* **Work order**
Pictures in the data should be dropped; transcribe exactly the lines from the one that has "charleston elopement planners, scarlet" through the one that has "Arabesque Drawing Room, Catherine".
[Opening Exercise data section]
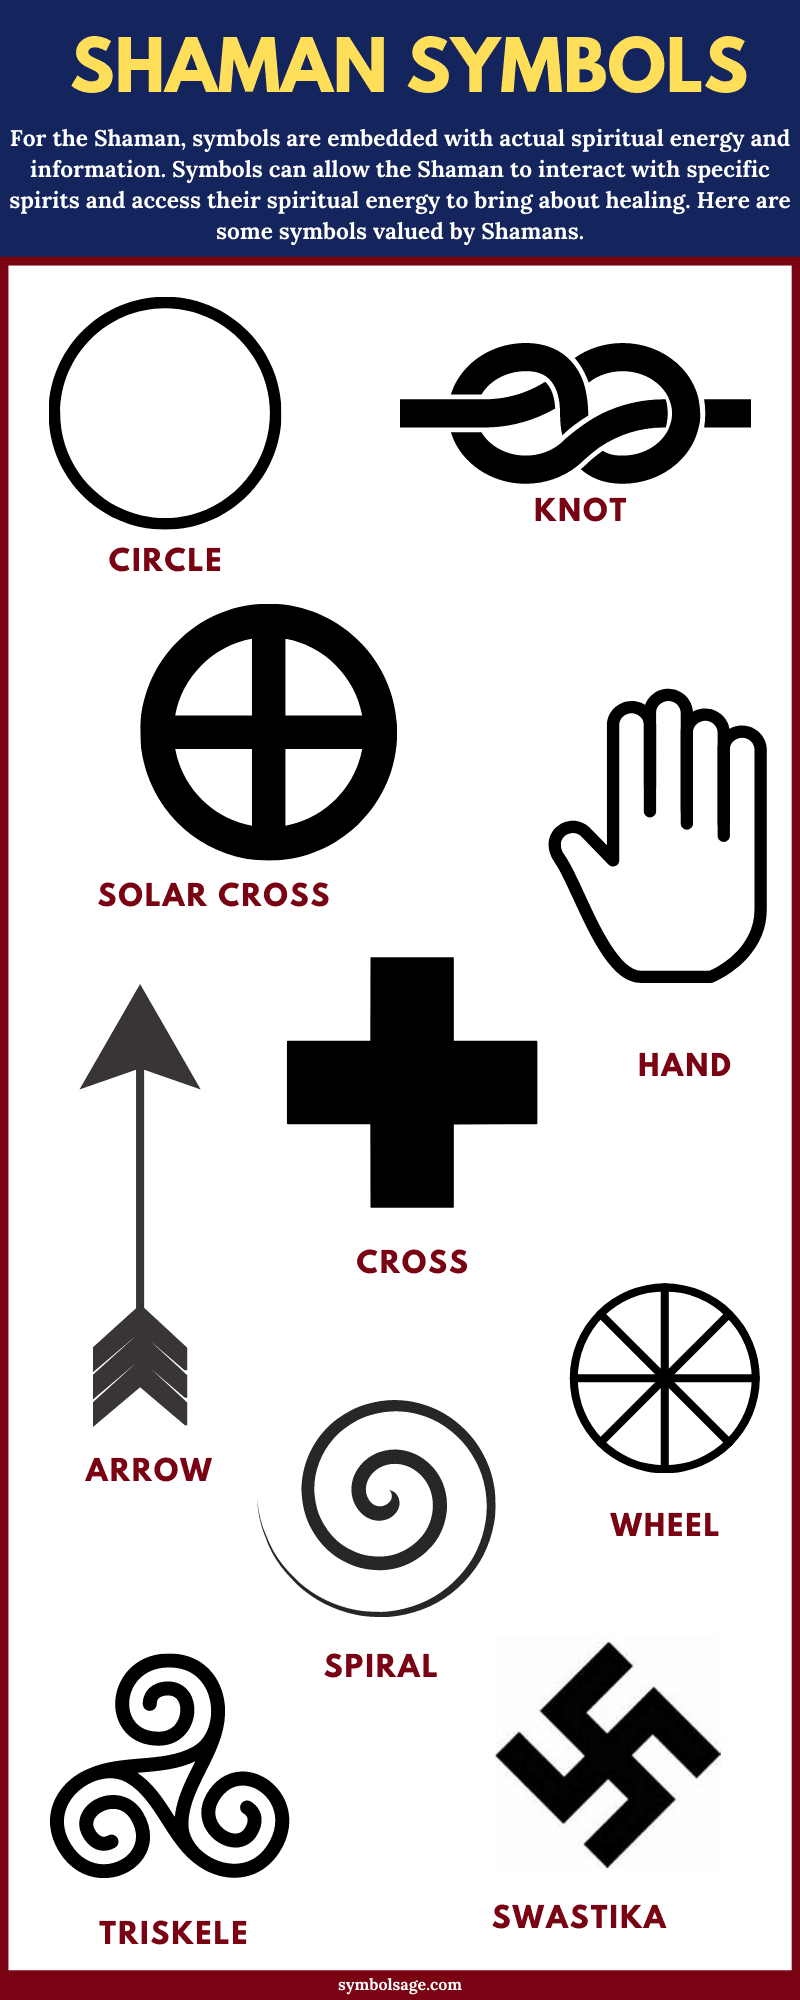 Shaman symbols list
[Closing Exercise data section]
[Opening Exercise data section]
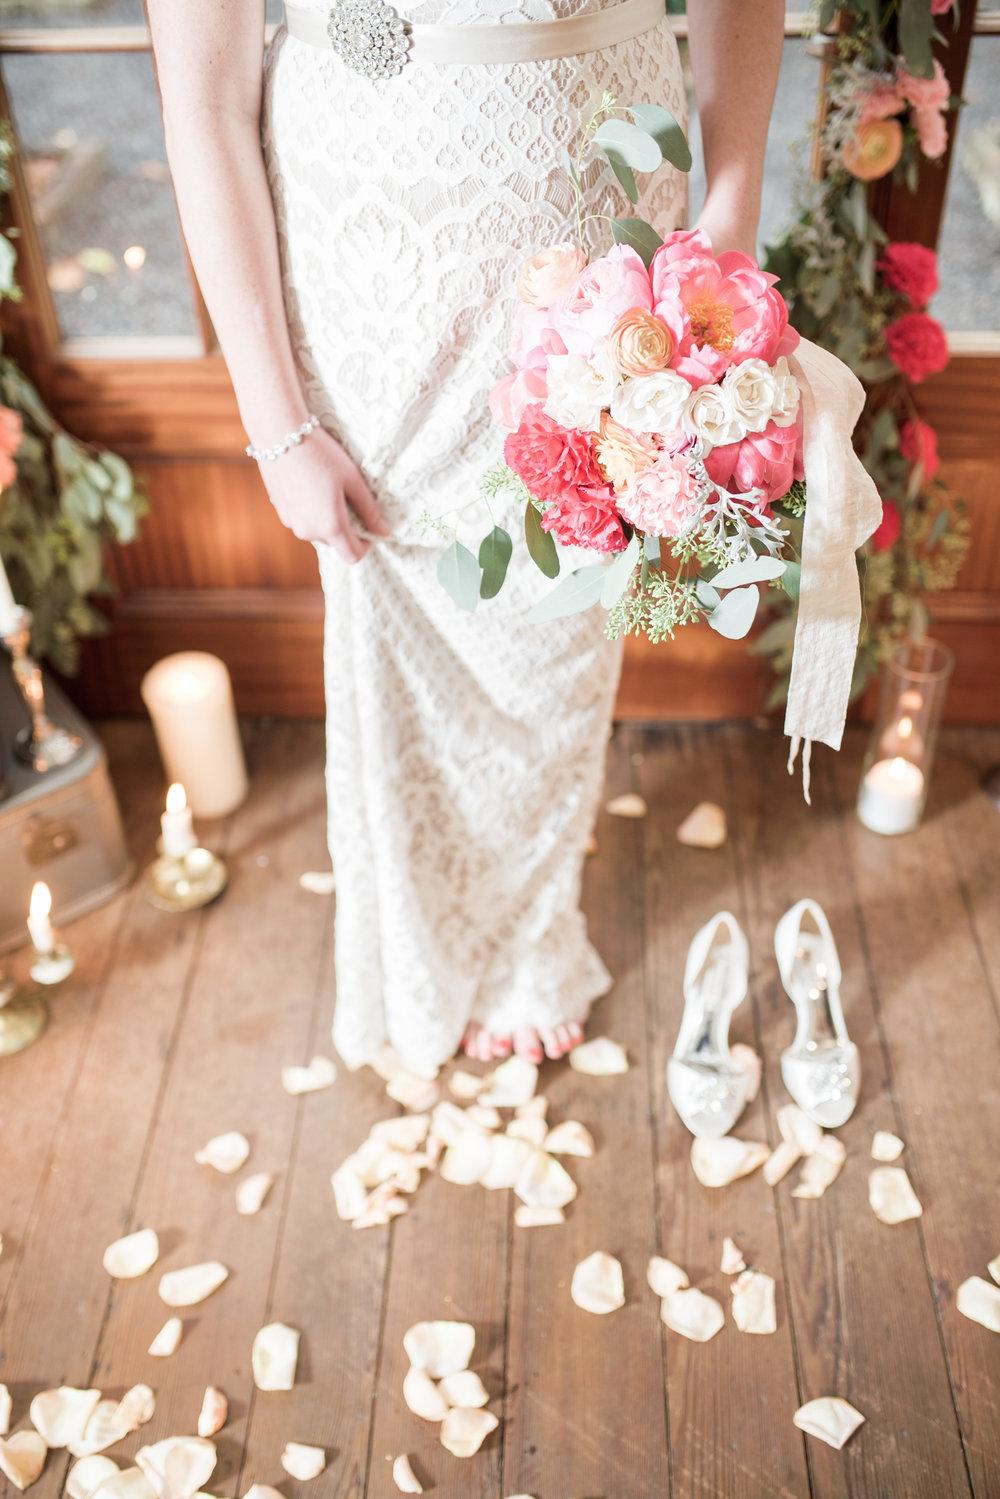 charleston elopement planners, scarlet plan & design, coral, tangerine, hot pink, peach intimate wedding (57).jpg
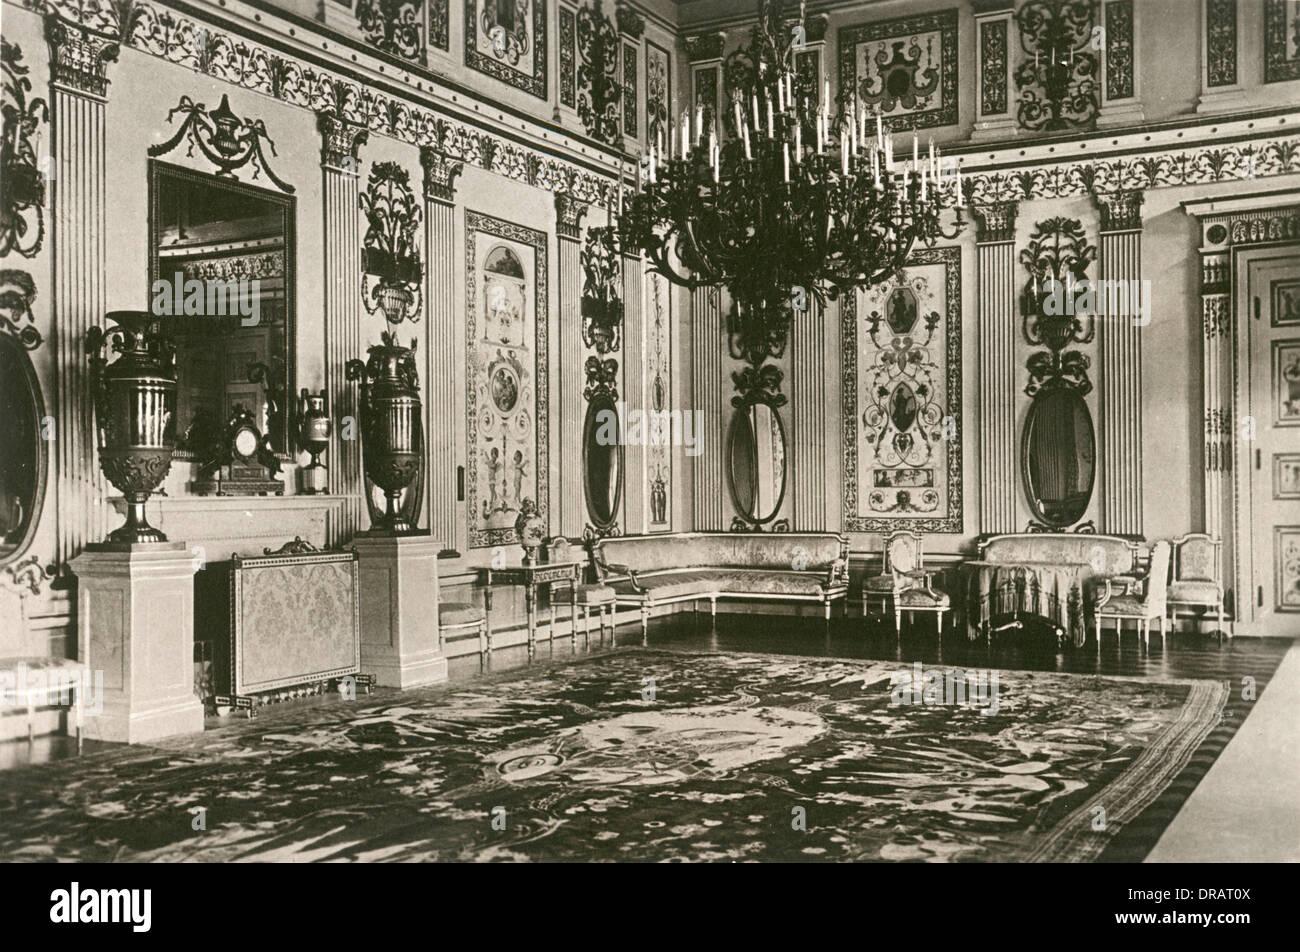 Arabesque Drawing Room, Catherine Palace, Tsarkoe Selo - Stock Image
[Closing Exercise data section]
* **Task output**
 charleston elopement planners, scarlet plan & design, coral, tangerine, hot pink, peach intimate wedding (57).jpg
 Arabesque Drawing Room, Catherine Palace, Tsarkoe Selo - Stock Image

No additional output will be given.